The music scene that The Enemys entered into in Los Angeles in 1965/66 was thriving, with up-and-coming bands like The Byrds, Buffalo Springfield, The Doors, Love, The Rising Sons, The Leaves, The Music Machine, and Spirit filling the many clubs that had sprung up along Sunset Strip and the Hollywood area.

The Enemys landed their first gig at The Rag Doll on Coldwater Canyon and Victory Blvd, and would go on to play at all the big Hollywood clubs, including Ciro’s, The Crescendo, The Palomino Club, The London Fog, The Red Velvet, and Gazzarri's on the Strip, The Action on Melrose, Cinnamon Cinder on Ventura Blvd., and Danita’s in the Valley. Eventually The Enemys became the house band at the Whisky a Go Go for a lengthy engagement.

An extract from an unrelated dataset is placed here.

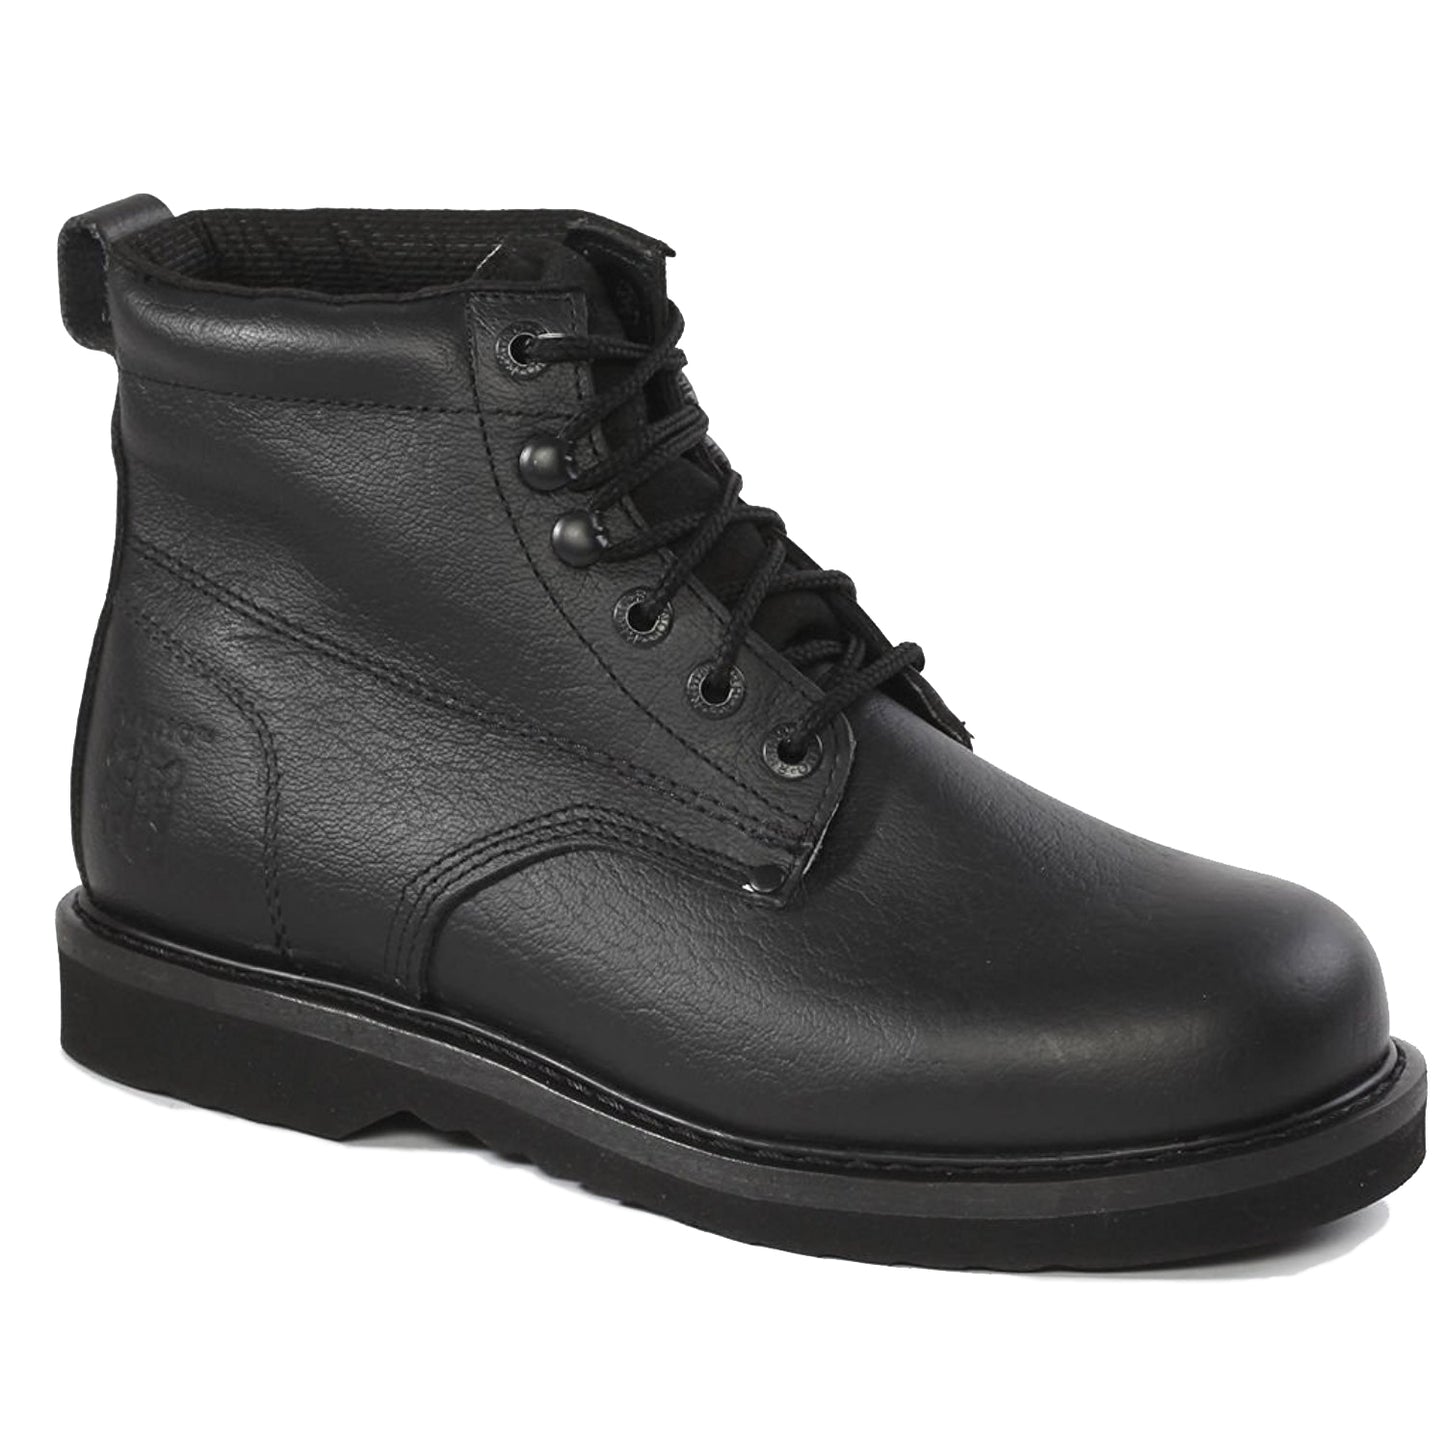 Rhino Men's 61M216 inch Plain toe Leather Work Boot - Black

==Recordings, film and television appearances==
The Enemys released their first single, Sinner Man, backed with Say Goodbye To Donna on Valiant Records in 1965. They moved to MGM Records for their next 45, Glitter And Gold / Too Much Monkey Business, produced by the legendary Tom Wilson.

For their third release, The Enemys teamed up with producer Danny Hutton to record a version of a song that had become a mainstay of the repertoire of nearly every band on the Strip in 1966, the Billy Roberts folk classic Hey Joe, backed with My Dues Have Been Paid.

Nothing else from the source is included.